Non sono un negazionista. Abito a Bergamo, non potrei esserlo manco se mi finisse un sasso bello grosso in testa. Resta che vedere Sanremo, questa immensa campagna elettorale sullo “state tutti buoni a casa” mentre loro cantano e ridono dopo il coprifuoco, mi dà un sacco da pensare. E’ la Rai, la tv che finanziamo tutti noi. Ma ricorda tanto tanto quella regina che più di due secoli fa diceva “a voi i sacrifici e il crepare di fame, a noi la festa continua”, che tra i ricchi non deve fermarsi mai e poi mai. E si sa che fine abbia fatto la famosa regnante francese.
Resta che in Italia esiste un problema, anche solo perché i milionari possono esibirsi e fare tardi tutti insieme, fottendosene, mentre gli altri no. Noi abbiamo addosso sempre un colore, giallo, arancione o rosso (che io odio anche per via della mia allergia agli agrumi) che ci fa stare comunque barricati in casa dopo le ventidue.

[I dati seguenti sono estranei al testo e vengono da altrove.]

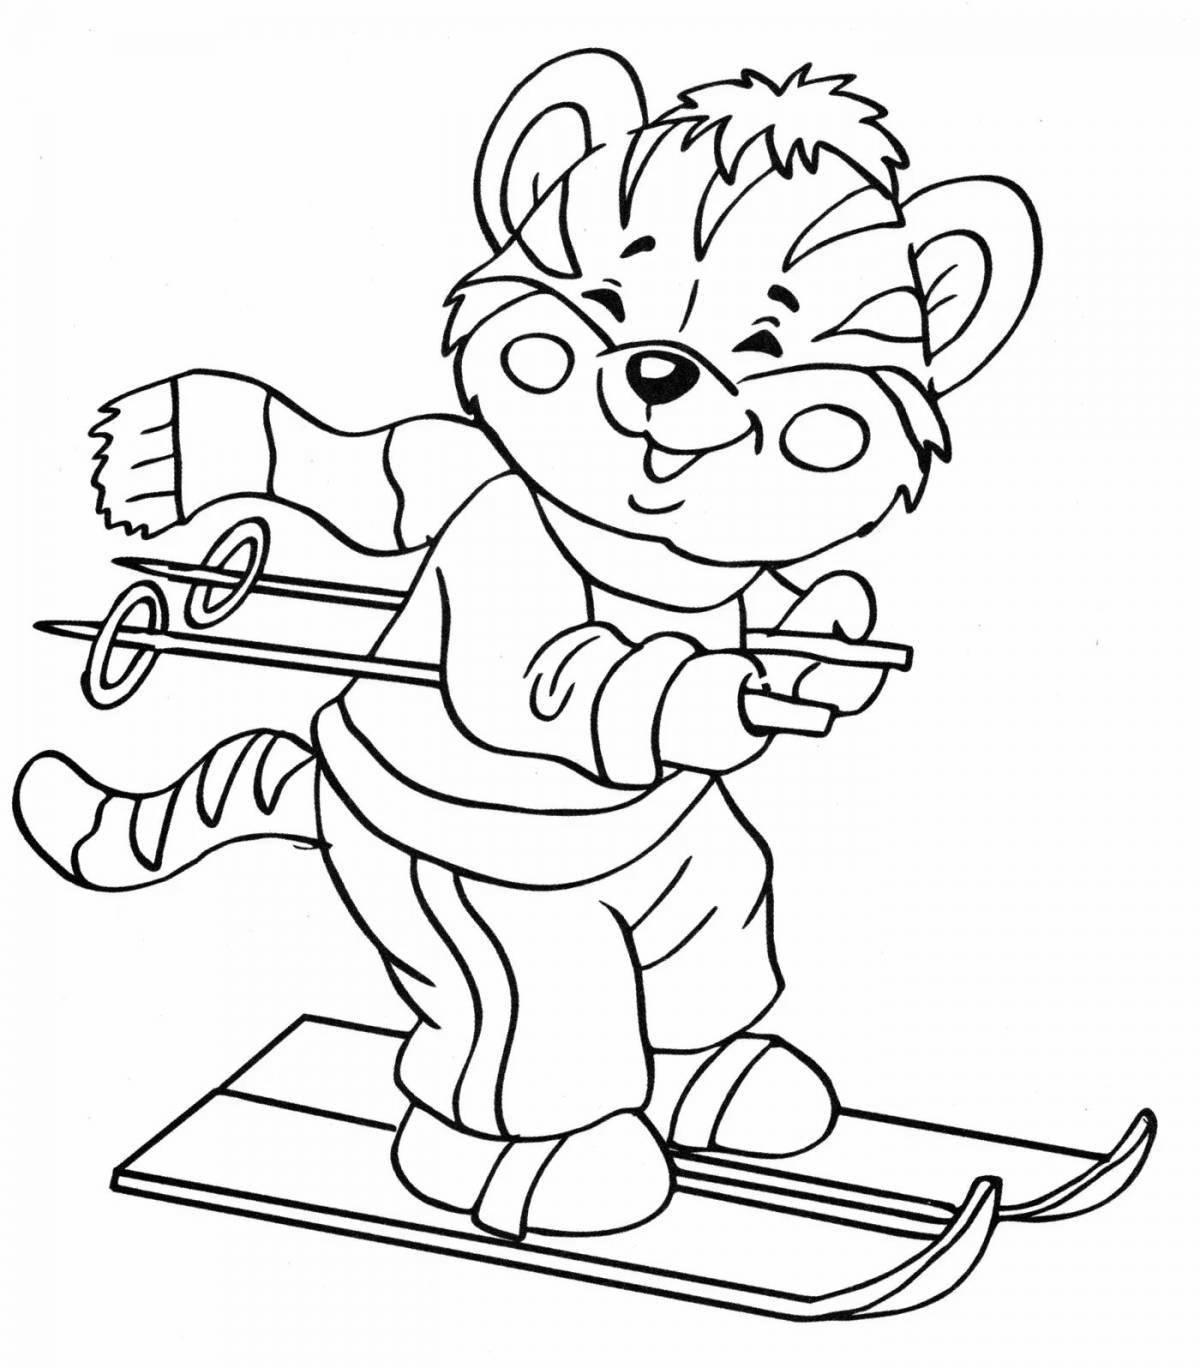 Coloring book magic bear on skis

E ora c’è la Berté, settant’anni (e che quindi per legge dovrebbe essere in pensione e starsene a casa), lì ad accoppare una bellissima canzone. Non ha più la voce, ma ha un mucchio di soldi. E io, che vorrei sentire Giovo in un localino, sento che non siamo più in una democrazia, che è che uno vale uno e ognuno deve essere tutelato. Ma in un’oligarchia, che è che alcuni valgono almeno cento e sono loro la sola cosa importante. Lo stesso succede nel calcio, gioca la Serie A, ma non l’Eccellenza né la Promozione. E Prima, Seconda e Terza categoria manco si sa se ripartiranno a settembre.